Christmas culinary ceremonies start with flat cakes and knotted-shaped breads. The common bread rises to the rank of a spiritual messenger being festively knitted and adorned and therefore, becoming a venerated symbol. Privileged by the tradition and, of course, being minutely baked, the knotted-shaped bread is charged with the emotion, the hope of renovation and the joy of holidays. As a salted piece of bread that is offered to the guests (a well known custom in Romania even in the pertaining to State etiquette meetings), the Christmas knotted-shaped bread and the flat one carry by themselves messages of good will, improvement and happiness.
Christmas knotted-shaped breads (Colaci de Craciun or Craciunei), considered sacred food are made of leaven and had at ritual feasts, given to the waits and to the spirits of the dead people as a funeral repast.
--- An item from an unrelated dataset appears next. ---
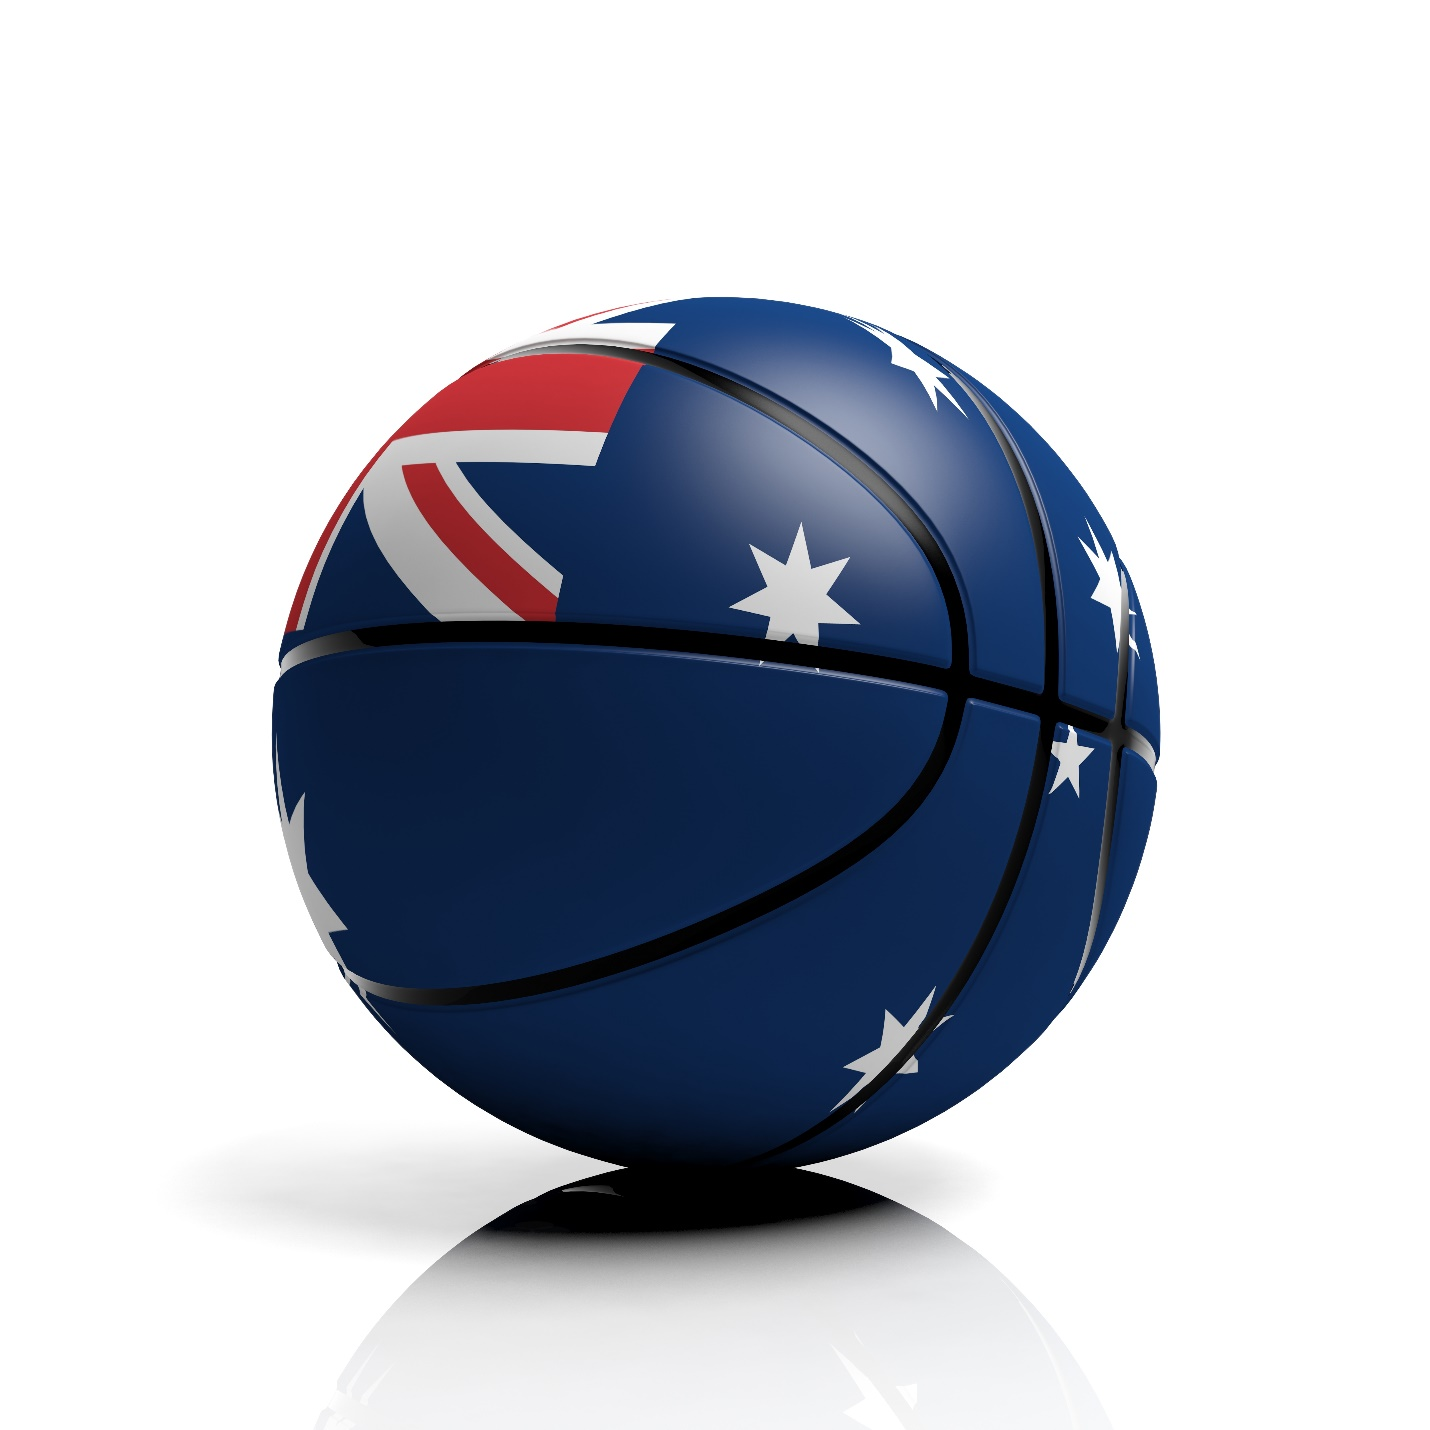 Australian flag printed on a basketball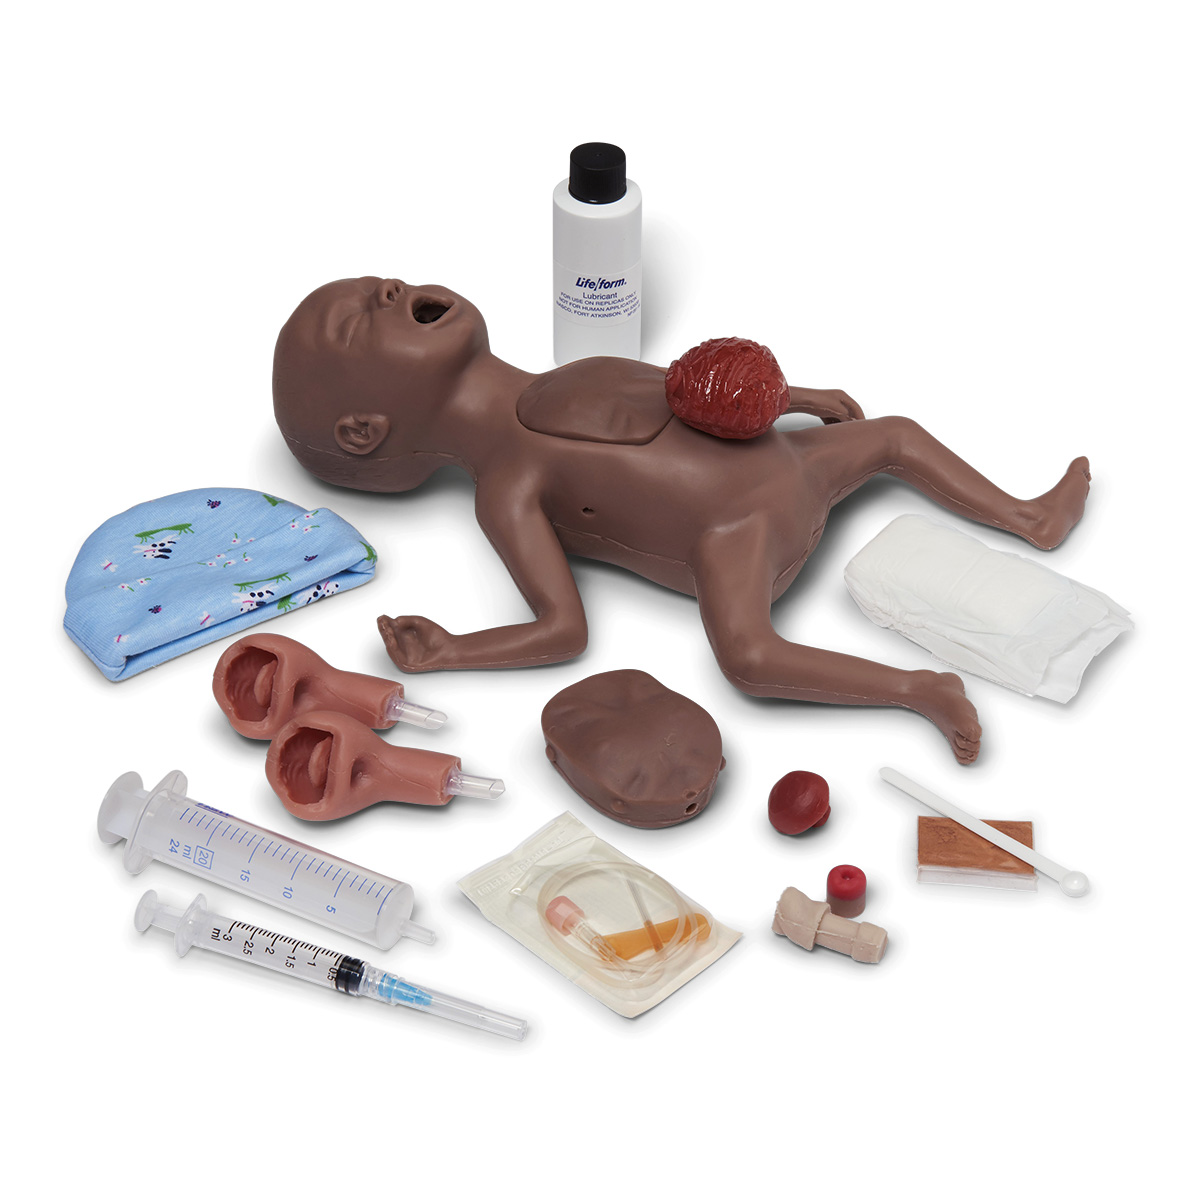 Micro-Preemie Simulator, dunkelhäutig, Bestellnummer 1021154, W44754B, LF01281U, Nasco Life/form

They can be circle, horseshoe or star-shaped standing for the Sun, the Moon and the stars, doll and figure-shaped standing for the body of Indo-European and Christian divinity, filled-circle shaped without any hole in the middle standing for the Neolithic geomorphologic divinity and sacred animal and bird-shaped (bull and hoopoe shaped).
Depending on the shapes, names or decorative patterns, on the moments of giving, of keeping and the ritual context of using them, Christmas knotted-shaped breads stand for the sacrifice of the wheat spirits, the sacrifice of the divinity that dies and revives together with time, at the New Year’s Eve, the job, the age, sex and social statute of the one that offers or receives the knotted-shaped breads, the end of the agrarian and pastoral activities and the prediction of harvests.
The baking, good wishes, receiving, tearing and using knotted shaped bread are ceremonial moments of deep spiritual feelings, loaded by many practices and prehistoric beliefs. Baking Christmas knotted-shaped bread is one of the most stable and respected Romanian customs.
After we leaven bread by hands, tearing it into pieces that are turned into finger-thick strips out of which the cracknels are knotted - the ones made out of one strip, the ones made of 2 strips and the ones made of two knotted strips surrounded by another strip. They will be given to the waits, relatives and they will adorn the Christmas Eve dishes or they will be given as funeral repast.
The flat cakes are considered sacred food and they stand for the wheat spirits. They are usually baked in the South and East of Romania. Resembling the azymes, they have a very simple composition: wheaten flour mixed with salted and warm water without using any ferments. The dough is pulled into little pastes by hands or by stirring stick and, then, it is baked on the kitchen range of the stove or, solemnly, on the red-hot ploughshare.
The first flat cake of a year that a Romanian cooks is named turta-vacii (the cow flat cake). It is baked on the Epiphany and not till then, when it is given together with the bran to the cow in order to eat them, thinking that the cow is going to have a lot of milk during the year.